En el campo V recibieron la ayuda de varios sherpas y, junto a ellos, se arrastraron un poco más, hasta el CIV, donde se vieron obligados a pasar la noche sin saco y sin oxígeno. El descenso hasta el campo II les llevó dos días más y fue un auténtico calvario. 

Posteriormente se hicieron dos intentos más, a cargo de Ricardo Gallardo y Luis Abalde el primero, y de Rodolfo Kirch y Julio Villar el segundo, pero apenas alcanzaron la cota de 8.000 metros y la Expedición Tximist tuvo que asumir los hechos: el Everest no iba a dejarles subir aquel año. 

Al volver a Katmandú, uno de los miembros de la Tximist, Txomin Uriarte, se puso en contacto con Juan Celaya para darle la noticia. Su respuesta, al parecer, fue: “Espero que no vuelvas de Katmandú sin haber conseguido el permiso para volver otra vez”. 

Euskal Espedizioa 1980

Y volvieron. Volvieron en 1980, un año que, aunque no podían sospecharlo, iba a ser, con diferencia, el año más indicado de la historia para pasar completamente desapercibidos en el Everest. Para empezar, nada más arrancar el año los polacos sorprendieron al mundo con la primera ascensión invernal absoluta a cargo de Krzysztof Wielicki y Leszek Cichy (os lo contábamos aquí). Poco después, en primavera, volvieron al campo base con otro equipo para abrir una vía nueva por el Pilar Sur; ruta que completarían Andrzej Czok y Jerzy Kukuczka el 19 de mayo. En paralelo, y en la otra cara de la montaña, un equipo japonés abriría una increíble línea directísima que enlazaba desde el glaciar de Rongbuk con el corredor Hornbein y que hoy lleva el nombre de “Corredor de los japoneses”. Finalmente, para terminar de rizar el rizo, aquel mismo verano se iba a presentar por allí Reinhold Messner, el “superhombre nietzscheano” que un par de años antes había demostrado junto con Peter Habeler que se podía escalar el Everest sin oxígeno, e iba a repetir su hazaña, esta vez en solitario, en estilo alpino y por una ruta nueva.

Comparado con semejante colección de gestas, el segundo intento vasconavarro iba a ser un empeño humilde; un ascenso por la vía normal en el ya clásico estilo pesado. Pero también fue un éxito, como todo lo demás que se hizo en el Everest aquel año. De hecho fue un éxito notable, si tenemos en cuenta que el esfuerzo partía de un  territorio tan pequeñito como lo es Euskal Herria. El caso es que aquella Euskal Espedizioa  de 1980 consiguió poner en la cumbre a dos hombres: Martín Zabaleta y Pasang Temba. 
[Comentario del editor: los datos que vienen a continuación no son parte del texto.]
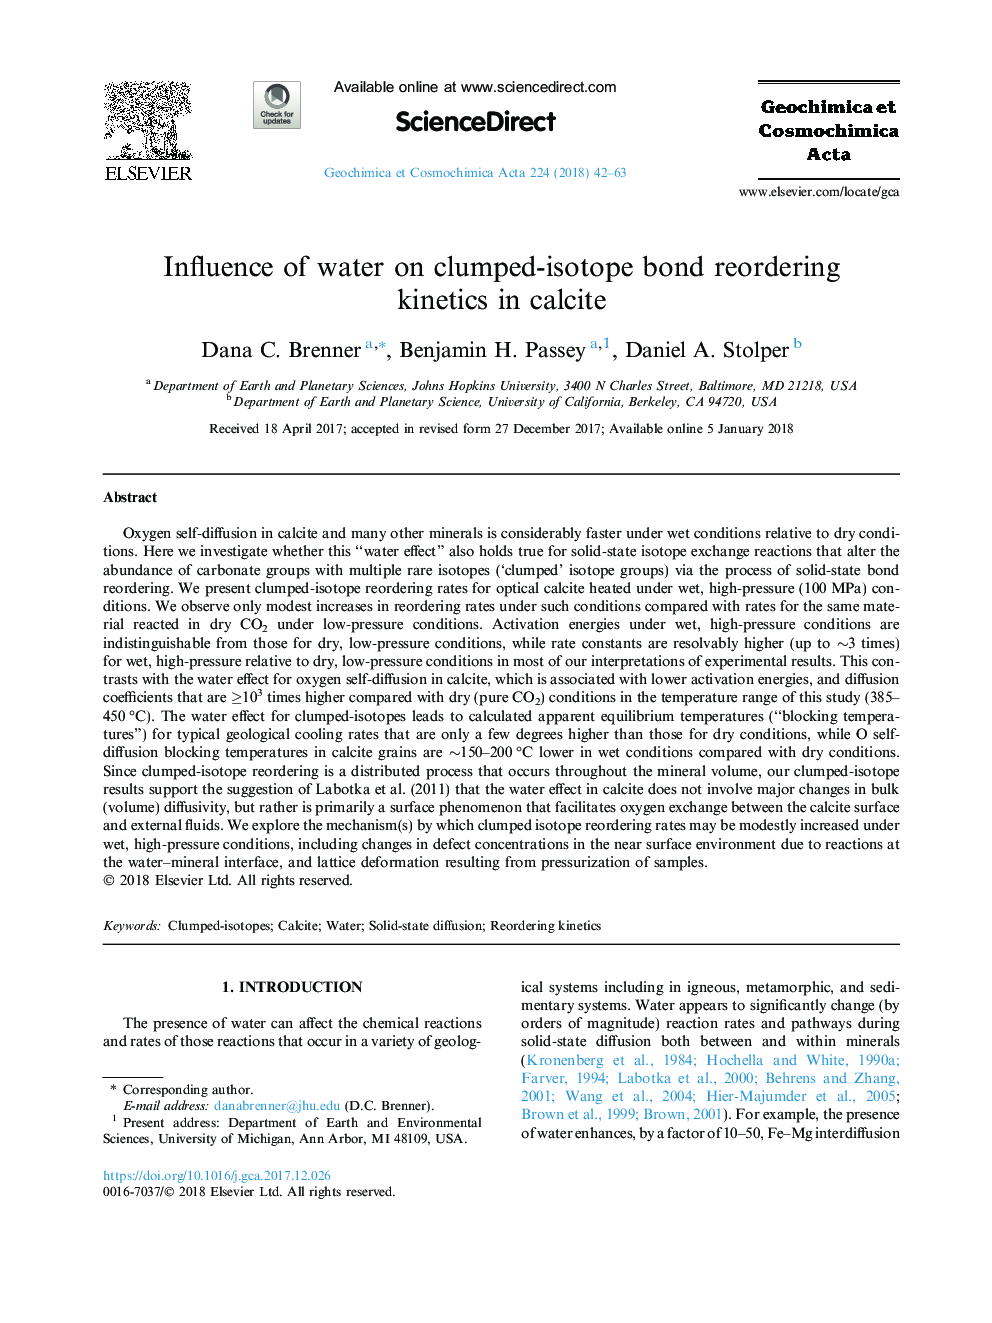 تأثیر آب بر روی سینتیک بازخوانی باند ایزوتوپی در کلسیت

La Euskal Espedizioa supuso el colofón, pero la historia comenzó con la Expedición Tximist, de la que ahora se cumplen 50 años. Ese fue el verdadero hito fundacional del himalayismo vasconavarro. El comienzo de una historia que luego nos traería a figuras como Juanito Oiarzabal, los hermanos Félix y Alberto Iñurrategi, Edurne Pasaban, Iñaki Ochoa de Olza, Alberto Zerain, Mikel Zabalza y tantos otros grandísimos alpinistas procedentes de esta tierra de pequeñas montañas coronadas por buzones.